Brief:
Print the entries in full, word for word, but not the pictures.

The data:
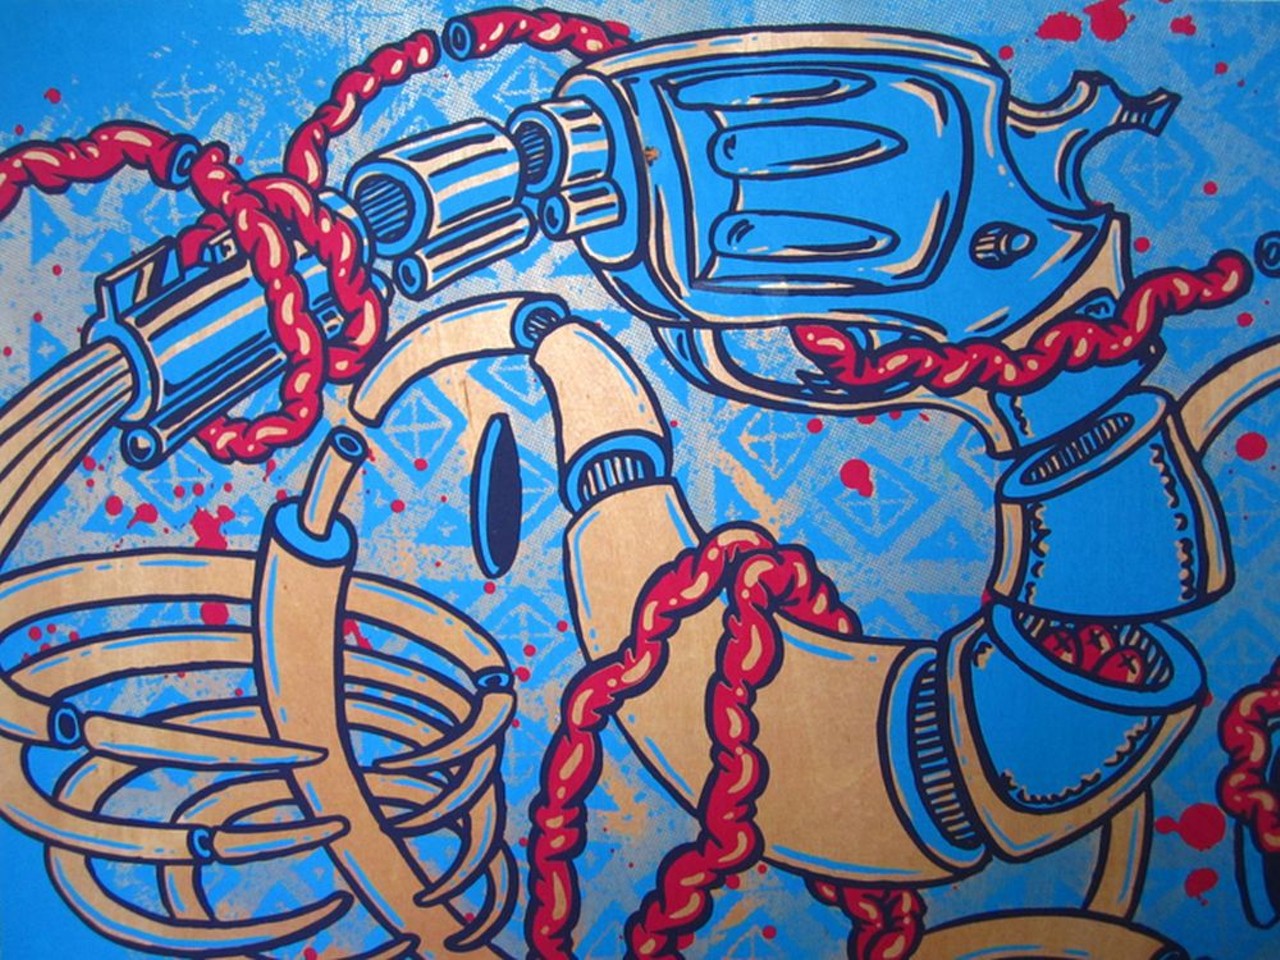 Technology and the Immortal Condition: The Work of Nicholas R. Wilson
The Gallery at the Village
Theater at Cherry Hill
Sept. 3-29
Originally from Trenton, mixed-media artist Nicholas R. Wilson studied fine art and graphic design and now produces unusual, cartoonish but edgy works using a mixture of painting and screen printing on wood box panels. We don’t know much more than that about Wilson, other than his work pretty much leaps out at you and grabs you by the collar. The artist himself says, “Words may not perfectly communicate what we want to say to each other.  As music communicates a feeling through sound, art communicates through sight, and the two composed together is what drives my work.” Drop in for a look 10 a.m.-2 p.m. weekdays or during public performances at the theater. The Village Theater at Cherry Hill is at 50400 Cherry Hill Rd., Canton; 734-394-5300; cantonvillagetheater.org. To view more of Wilson’s works, see http://nwilsonphoto.tumblr.com/

Result:
 Technology and the Immortal Condition: The Work of Nicholas R. Wilson
The Gallery at the Village
Theater at Cherry Hill
Sept. 3-29
Originally from Trenton, mixed-media artist Nicholas R. Wilson studied fine art and graphic design and now produces unusual, cartoonish but edgy works using a mixture of painting and screen printing on wood box panels. We don’t know much more than that about Wilson, other than his work pretty much leaps out at you and grabs you by the collar. The artist himself says, “Words may not perfectly communicate what we want to say to each other.  As music communicates a feeling through sound, art communicates through sight, and the two composed together is what drives my work.” Drop in for a look 10 a.m.-2 p.m. weekdays or during public performances at the theater. The Village Theater at Cherry Hill is at 50400 Cherry Hill Rd., Canton; 734-394-5300; cantonvillagetheater.org. To view more of Wilson’s works, see http://nwilsonphoto.tumblr.com/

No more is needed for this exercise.